Led by some of the brightest thought-leaders currently operating in the space, this next generation of social innovators networked, connected and shared knowledge with each other while attending workshops on skills such as registering a business, developing a business plan and learning how to build a brand and engage and communicate with audiences.
Specialists from Unltd, the Foundation for Social Entrepreneurs, were also on hand to deliver some invaluable, practical learning modules on pathways to receiving funding and the legal expertise.
The 30 plus attendees were excited to be mentored and developed by established social enterprises from all over the country and one of the key speakers was Stephen Addison, who founded Box Up Crime in 2013 to help young people avoid getting involved in gang violence. He was inspired to set up the organisation after the tragic loss of friends due to gang affiliation and crime. BoxUpCrime is an initiative which uses sports, most specifically boxing, as a tool to inspire, educate and develop young individuals, especially those who might have been involved in crime.

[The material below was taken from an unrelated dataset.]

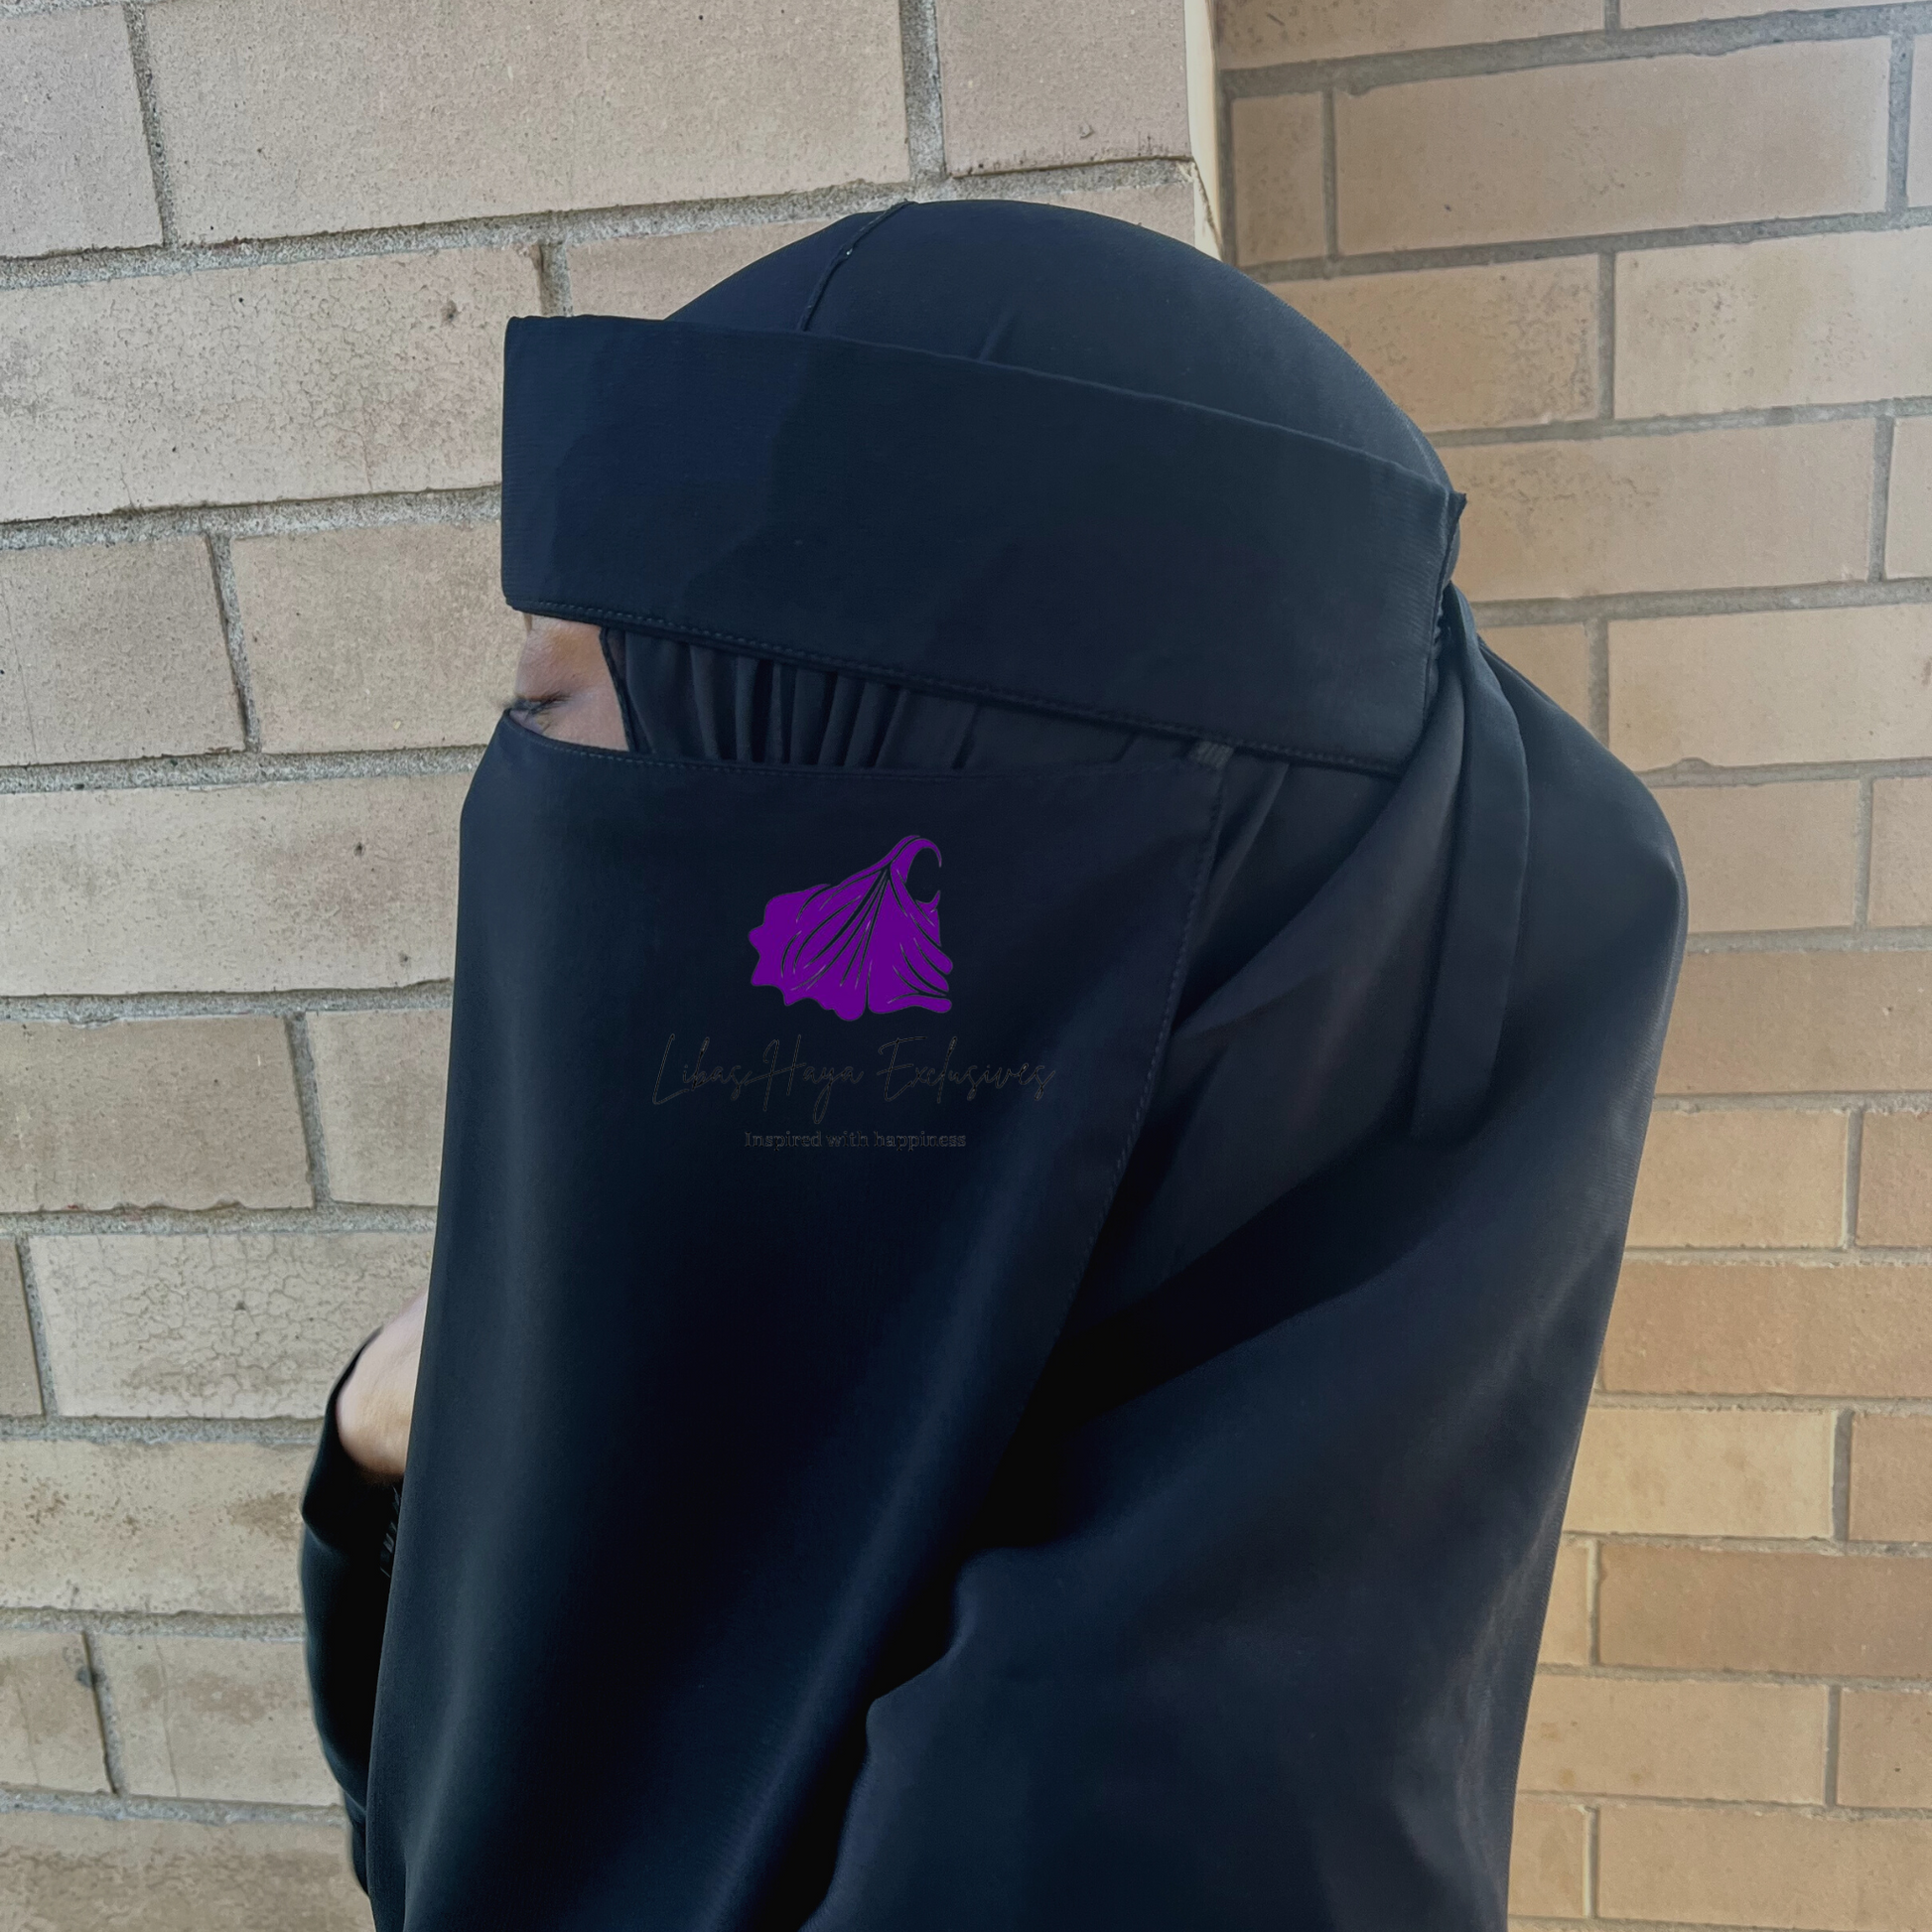 Saudi style niqab in black with pull down feature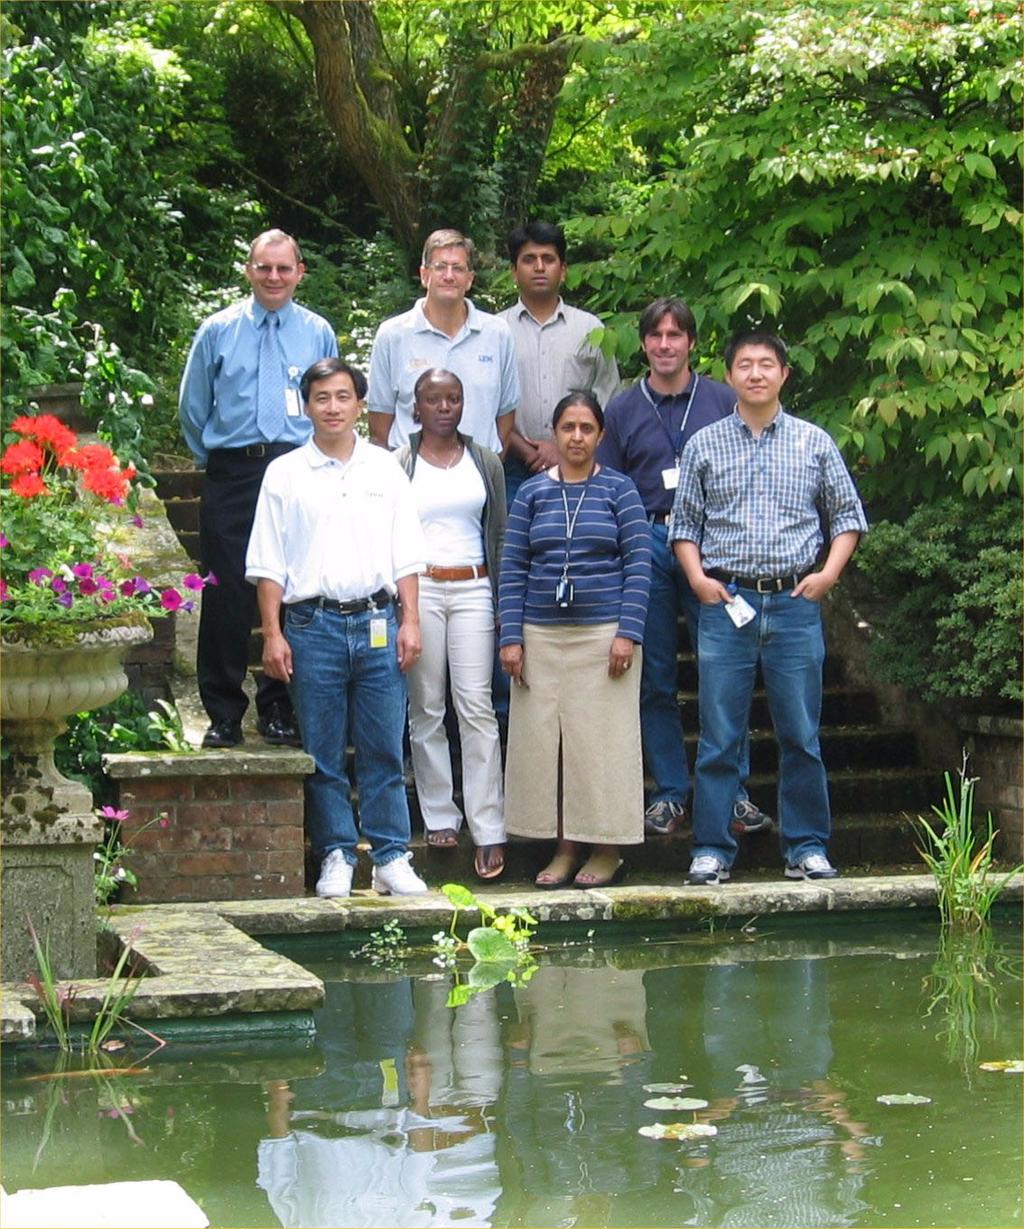 The authors Top row from left: Andrew, Jerry, Sachin, Michael Bottom row from left: Tony, Ope, Saida, Dong Kai Saida Davies is a Project Leader for ITSO Hursley UK.

As part of a lively Q&A session with the young entrepreneurs, he spoke candidly about his up-bringing and experiences – and how a vivid dream inspired him to turn his life around and start up his award-winning social enterprise, which continues to go from strength to strength.
Another engaging speaker who came to share her story and knowledge was Sade Brown, founder of Sour Lemons; a leadership development organisation which has the aim of increasing diversity and social mobility in the creative industries.
Introduced to drugs, alcohol and an older crowd at a very young age, Sade at one point found herself living on the street – she talked frankly and openly about her tough but incredibly inspiring journey and how she managed to turn her life around.
Knowing all too well the impact of negative influences, and the inequity and lack of opportunity for people from disadvantaged backgrounds, she wanted to create more prospects for young, ambitious leaders from similar backgrounds to her, to help them get ahead in life and use their lived experiences to affect positive change.
The Amaphiko Connect UK bootcamps took place in Glasgow, Bradford and London and supported over 90 young people, helping them to join the 100,000 social enterprises contributing £60 billion to the UK economy, as reported by Social Enterprise UK recent Hidden Revolution Report.